Learning the "Diagonal 2-Beat Kick"

By PAUL SMYTH


NOTE FROM TERRY LAUGHLIN The most popular topic on the TI Discussion Forum, by a wide margin, has been the 2-Beat Kick (2BK), particularly the Diagonal Power (or Cross-Kick) version I’ve written about in several articles. This kickin which the right foot drives as the left arm spears, and vice versa–integrates better with the “perpetual motion stroke” for endurance and fitness swimming, than any other kicking style. Many TI swimmers, when they begin to examine their kicking, discover they instinctively do a “same-side” kick. This works, after a fashion, but doesn’t add nearly as much energy to body rotation. This modification of Skating practice, suggested by Paul Smyth, is the best exercise I’ve seen for learning the essential coordination of the Diagonal 2-Beat. To add even more value, do Paul’s exercises with awareness of the core muscles, as described in Julie Friedeberger’s article.

Here’s a suggestion for a drill to get the feel of kicking with the leg opposite the spearing arm:

1. Skate, kicking normally.

2. Kick with both feet, but focus on the foot on the same side as the extended arm. If you’re skating on your left track, tune in to your left leg. Examine how your right hip and shoulder move as you vary the kick. Your right shoulder will be just above the surface and your hip should be aligned with it.

3. The arm at your side—the right arm if you're skating on your left track—is the one that would be spearing. Keep it “in your pocket” but imagine yourself like a boxer feinting—think about the "contextual" core-muscle parts of the kinetic chain.

4. Feel that long, supple kick from your upper hip or gut, and feel how your right shoulder reacts you play around with making the kick deep, shallow, wide, compact, with varying degrees of knee bend, foot point, etc. Define the physical/conceptual space, then explore it, then narrow it down.

Also experiment with timing, relative contraction or relaxation of various muscles, and the overall gestalt of getting your hip into it. Explore how the different kick styles you use, as an isolated element, move you forward or slow you down due to drag. I enjoyed doing this because it allowed me to test numerous iterations quickly, accumulating and comparing them to choose one or two that work best.

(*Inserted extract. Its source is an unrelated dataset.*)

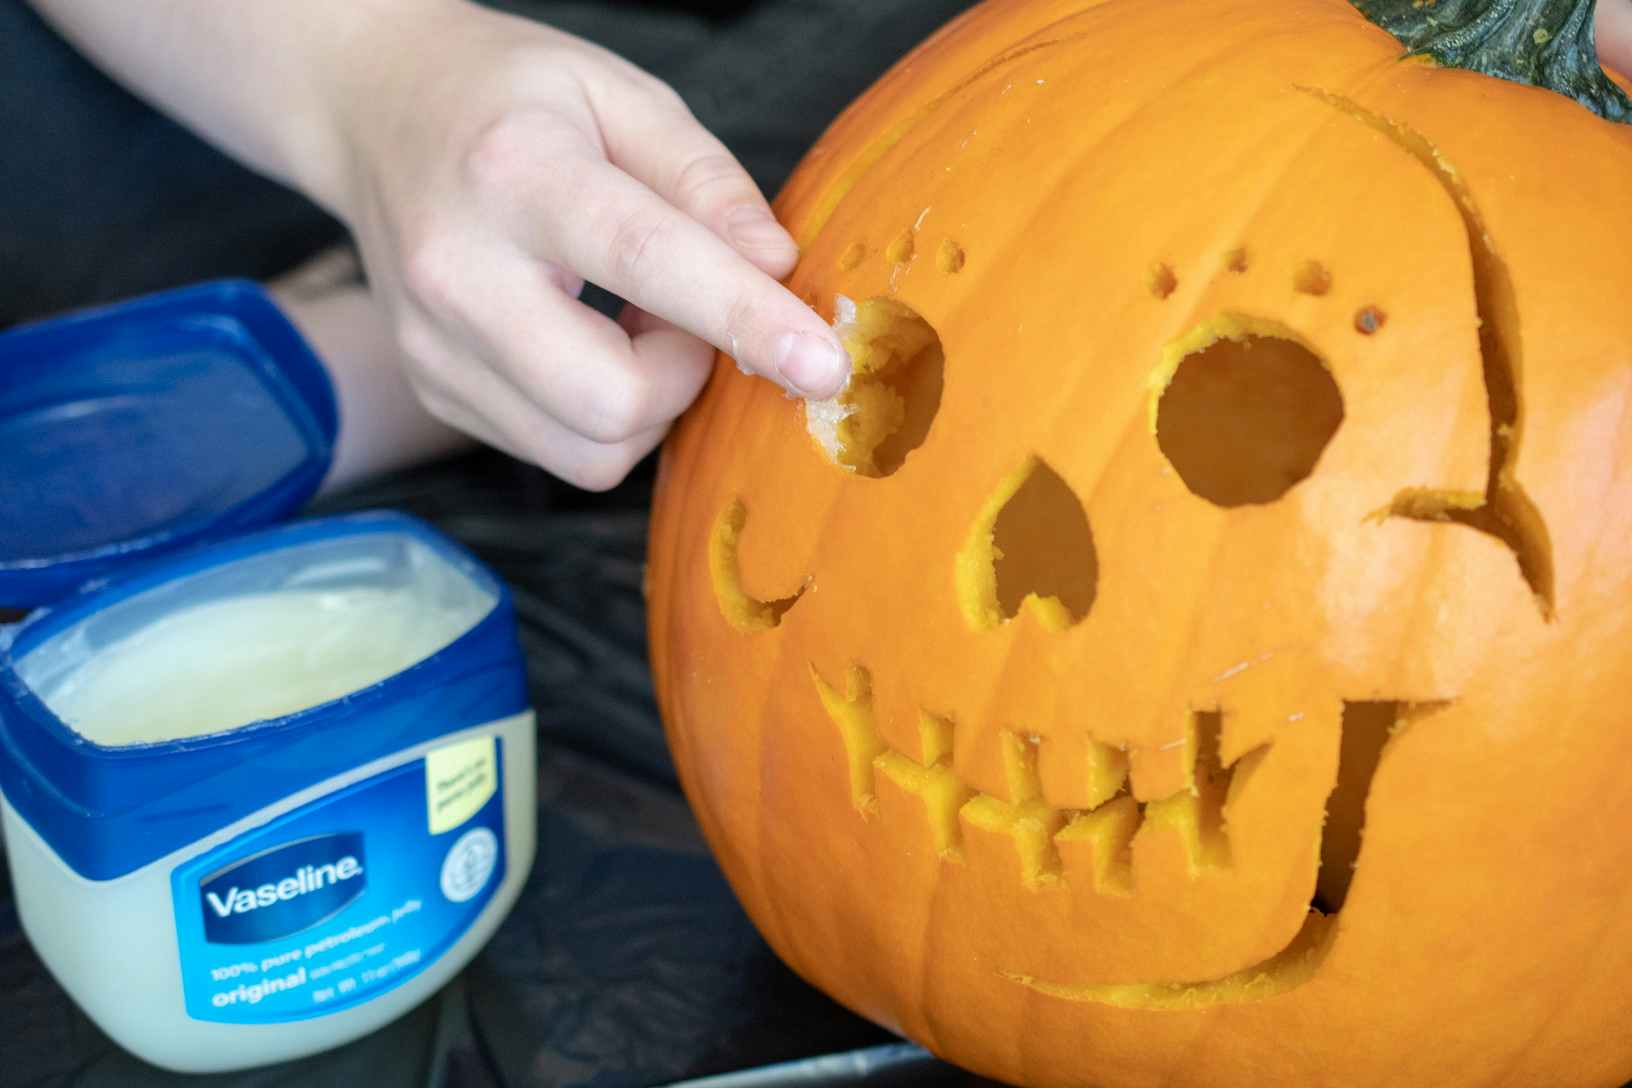 Person applying vaseline to a carved pumpkin

You can also experiment with the "incorrect" kick—that is, with left arm is extended, feel how your right hip and shoulder move as you kick the right leg. When you mix the cross-kick and same-side kick, they either cancel, like opposite waves, leaving you becalmed, or introduce a jerky, disruptive, element into an otherwise smooth shift from one side to the other. As one Forum poster suggested, when the rhythm breaks down, you go from a powerful rhythmic feel to a chaotic wounded-fish flail.

To bring this awareness into whole-stroke, I’d suggest a series of 50s. Skate on the first 25 and swim on the second. On the odd 50s, pay attention to your left leg and right shoulder/hip on Skating and your right-hand-spear on whole stroke. Even 50s, switch your attention to the other side. Once you have the basic coordination, experiment with how little motion is required for a 2BK. This will improve your streamline and concentrate your power.

This approach might not work for everyone but it helped reduce my 50-yard time by 12 seconds and my golf score by nine points.

Paul Smyth is beginning his second year as an age-group triathlete. "TI swim technique and emphasis on mindful practice has given me the confidence to train for a half-ironman event this year after doing well in sprint and Olympic-distance events last year," he notes, "and has helped me enjoy every lap, and also every bike and run mile." He is a neurologic consultant and writer in Cincinnati, Ohio.